Everyone has surely seen a helium balloon at least once in their lives. It’s a staple at birthday parties and one of the most commonly used party toys. Helium balloons are not only fun though – they can be filled with a number of helpful uses, such as providing therapy to people who have breathing disorders. If you don’t know much about helium, check out these 10 interesting facts about this noble gas.

  • It is the second most abundant element in the universe, after hydrogen.
  • It is a component of the sun’s atmosphere and also occurs in some meteorites.
  • It was first isolated after being found in natural gas from the earth, over a century ago.
  • There is more helium in the universe than anything else except hydrogen.
  • Helium is inert and colorless but is not actually tasteless, given that it has been reported to taste like nothing at all.
  • Its name comes from Helios, which was the Greek word for sun.
  • Like argon, it doesn’t react with any other elements or compounds.
  • It can be inhaled without harm.
  • You might have even used helium as a child to turn your voice squeaky – helium changes the way sound waves travel because it’s so light, giving your voice an unusual pitch when you speak while holding your nose!
  • At one time it was considered a useless by-product produced when radioactive elements decayed and had no known uses.
  • Takeaway: Helium is a fun gas! And can be used for lots of fun applications

In addition to this here are some other important facts that you might want to know about Helium gas.

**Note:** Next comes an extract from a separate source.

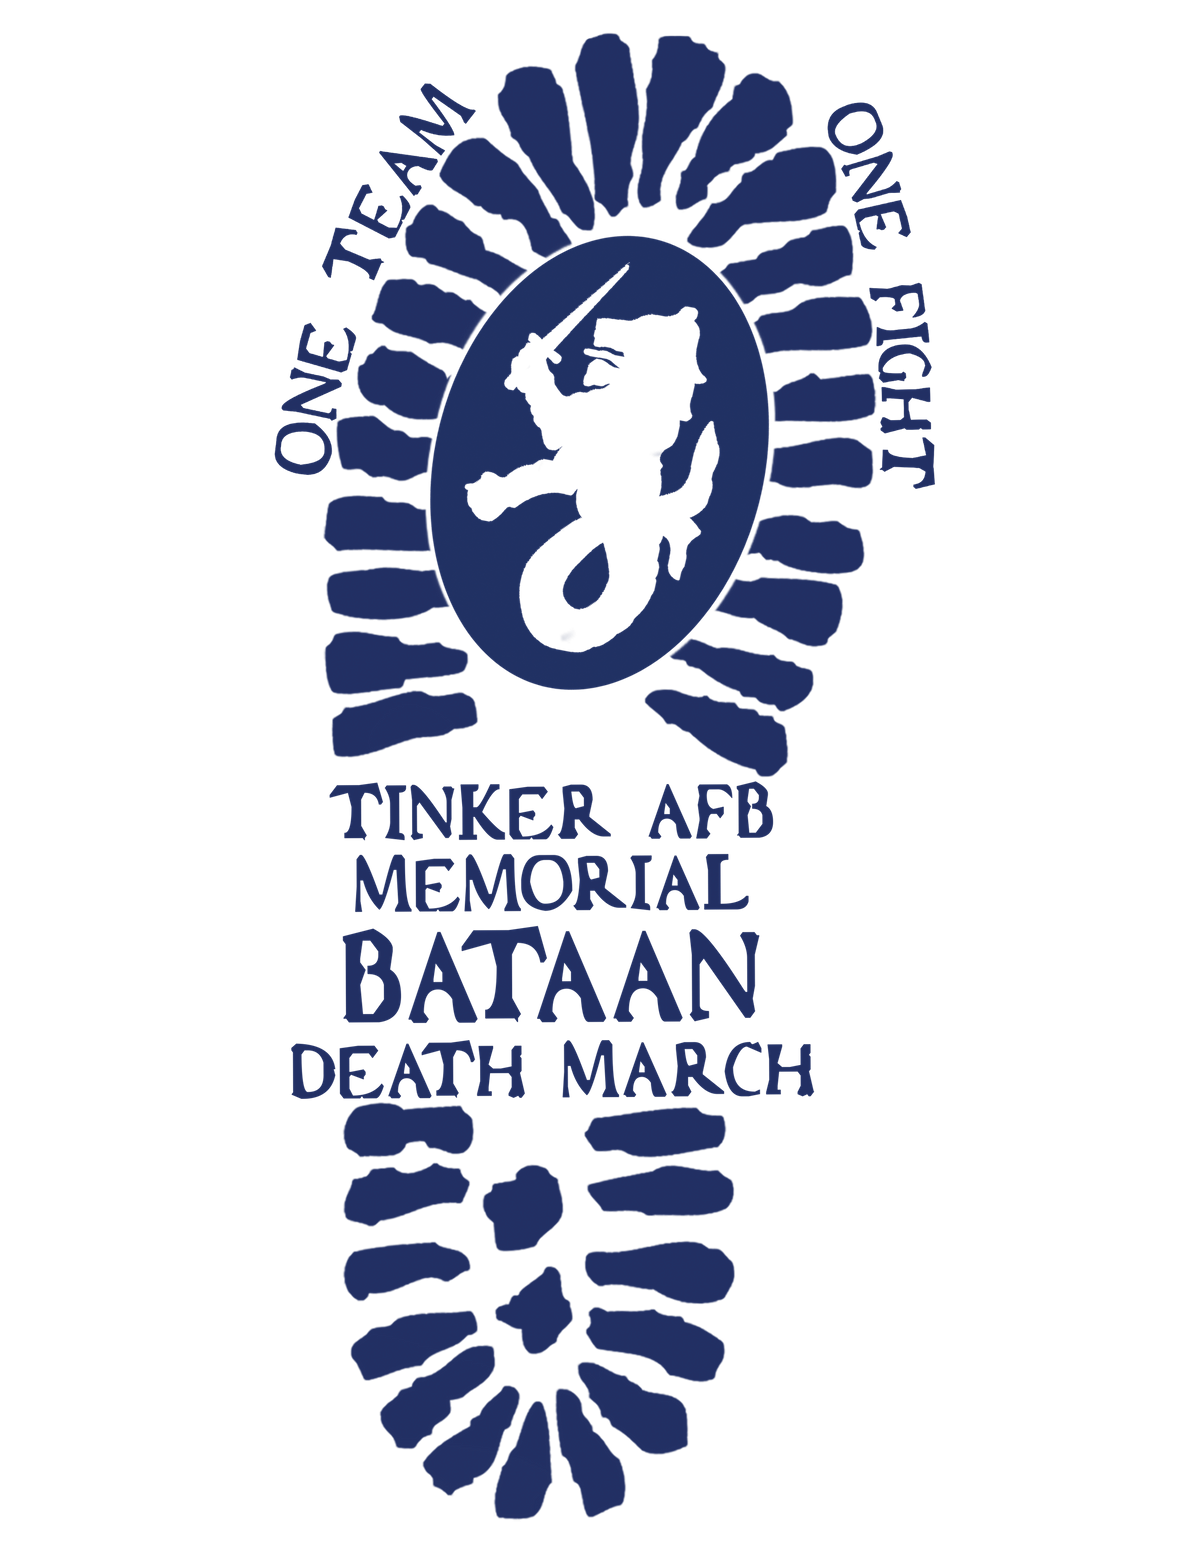 Tinker AFB Memorial Bataan Death March

1. The only element that can be played like a musical instrument is helium. It’s also the only element that can be inhaled and exhaled by humans—and it’s also the only element that can be found in balloons!

2. Helium floats upward, so if you were to put a balloon filled with helium in a room, it would rise toward the ceiling rather than fall down toward you. This makes it useful for lifting things off the ground and into space—like people! If you’ve ever been on a blimp or an airship, you’ve probably been lifted by helium.

3. Helium was discovered by French physicist Pierre Janssen on August 18, 1868 while he was examining spectral lines from a solar eclipse (it’s named after him). He noticed that one of his samples had a different spectrum than another sample; they both had hydrogen, but one did not have oxygen present! He realized this must mean there was something else present as well.

It’s hard not to like helium without sounding cliche, in fact I think David Bowie even sang a song about his love for helium. It is indeed the second lightest element on earth and very convenient to store due to the fact that it is colourless and odourless in both its liquid and gaseous state. Helium is quite an interesting gas and worth taking into consideration when purchasing balloons for your next party. You can buy helium gas in the UK especially in London and Kent city by visiting the Helibox.co.uk website and ordering online.